# What symbol is this on the walking stick?



## liddiz10 (May 6, 2016)

Can anybody tell something about this walking stick? What is the symbol?


----------



## Rodney (Jun 12, 2015)

Welcome! Do you know any history on your cane? I'm not familiar with the symbols. Could be a highly stylized monogram with the letters L O or even L I. They could also be Masonic symbols. The eye in that case would be the all seeing eye of god.

These are just guesses.

If you knew who the original owner was it might give you some idea of what they might really represent.

Rodney


----------



## gdenby (Apr 27, 2013)

Seems pretty close to something the Odd Fellows fraternal organization might use. Tho' they often just used a 3 link chain with the initial FLT inside each link, there is often an all seeing eye as well. One of the symbols seems like and I to me, and the other like a blend of the letters T & L. Don't see the F in it. Maybe and Oddfellow who had the initials T. F.?


----------



## liddiz10 (May 6, 2016)

Than you for answers. It belonged to my great grandfather who lived in stockholm in the early 1900s. His name was Nils Olof Lidin.

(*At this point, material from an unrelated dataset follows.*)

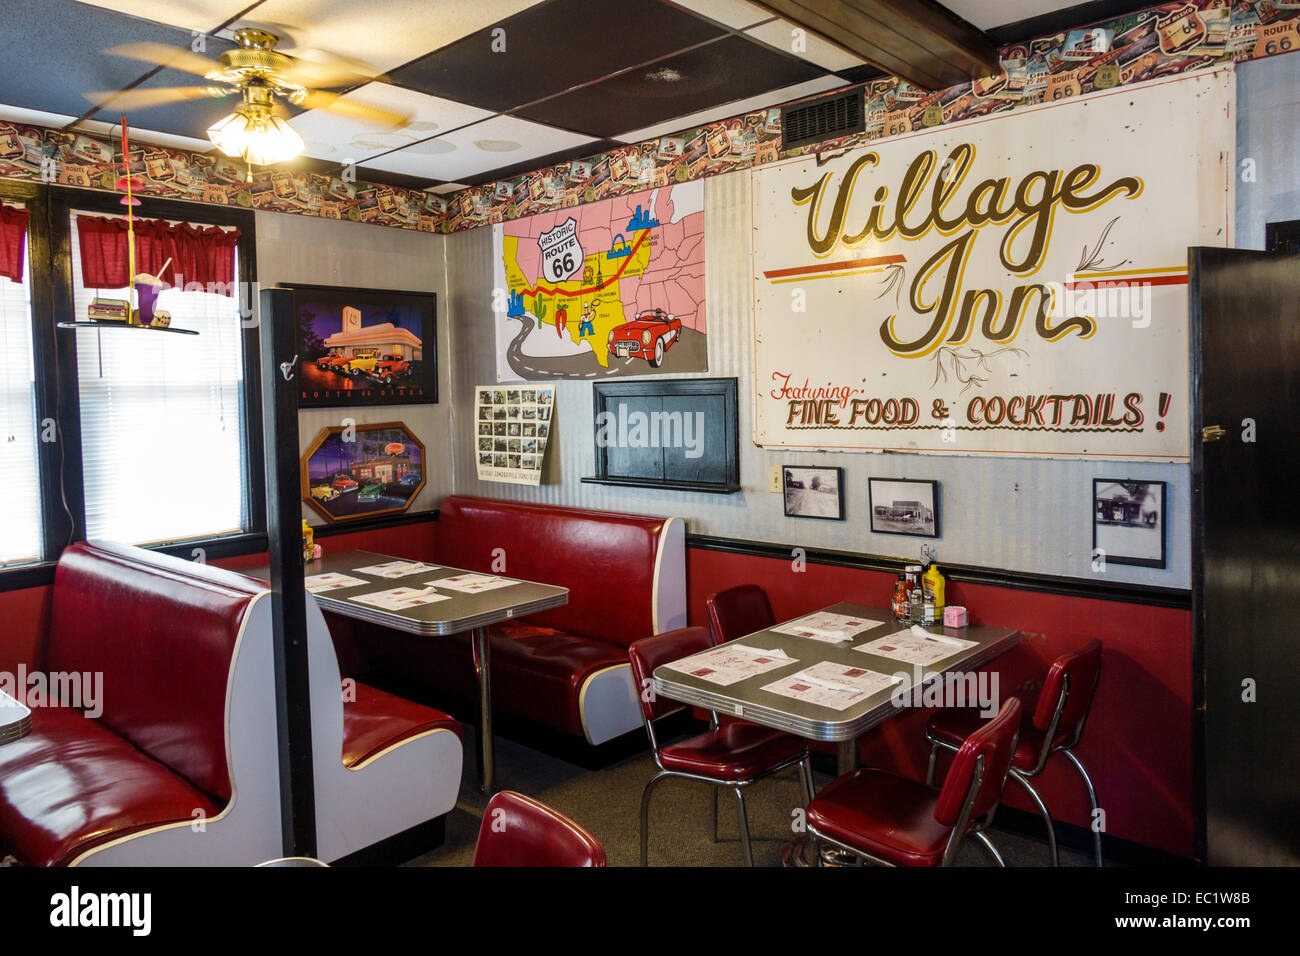 Illinois Hamel, strada storica Route 66, Weezy's, ristorante ristoranti, cibo, caffè, interno, stand, arredamento, americana, IL140902029 Foto Stock

Do you think such a walking stick could be worth anything?


----------



## Batakali (Feb 28, 2016)

I'm guessing with the name Lidin that it would be a stylized L. If the handle is silver it would at least be worth it's weight. Personally I think it would be worth more to you as a heirloom.


----------



## liddiz10 (May 6, 2016)

Thank you. I agree.


----------



## Rodney (Jun 12, 2015)

There is a market for antique canes. I don't know enough to give you an accurate answer for value. I know I've seen at least a few dealers online that specialize in antique walking sticks. One of them can probably give you an accurate appraisal.

Personally, if it was my great grandfather's I wouldn't sell it.

Back then men carried sticks as part of what they wore more than as walking aids. It would be the equivalent of a nice watch or other fashion accessory.

Can we see a picture of the complete stick?

Rodney


----------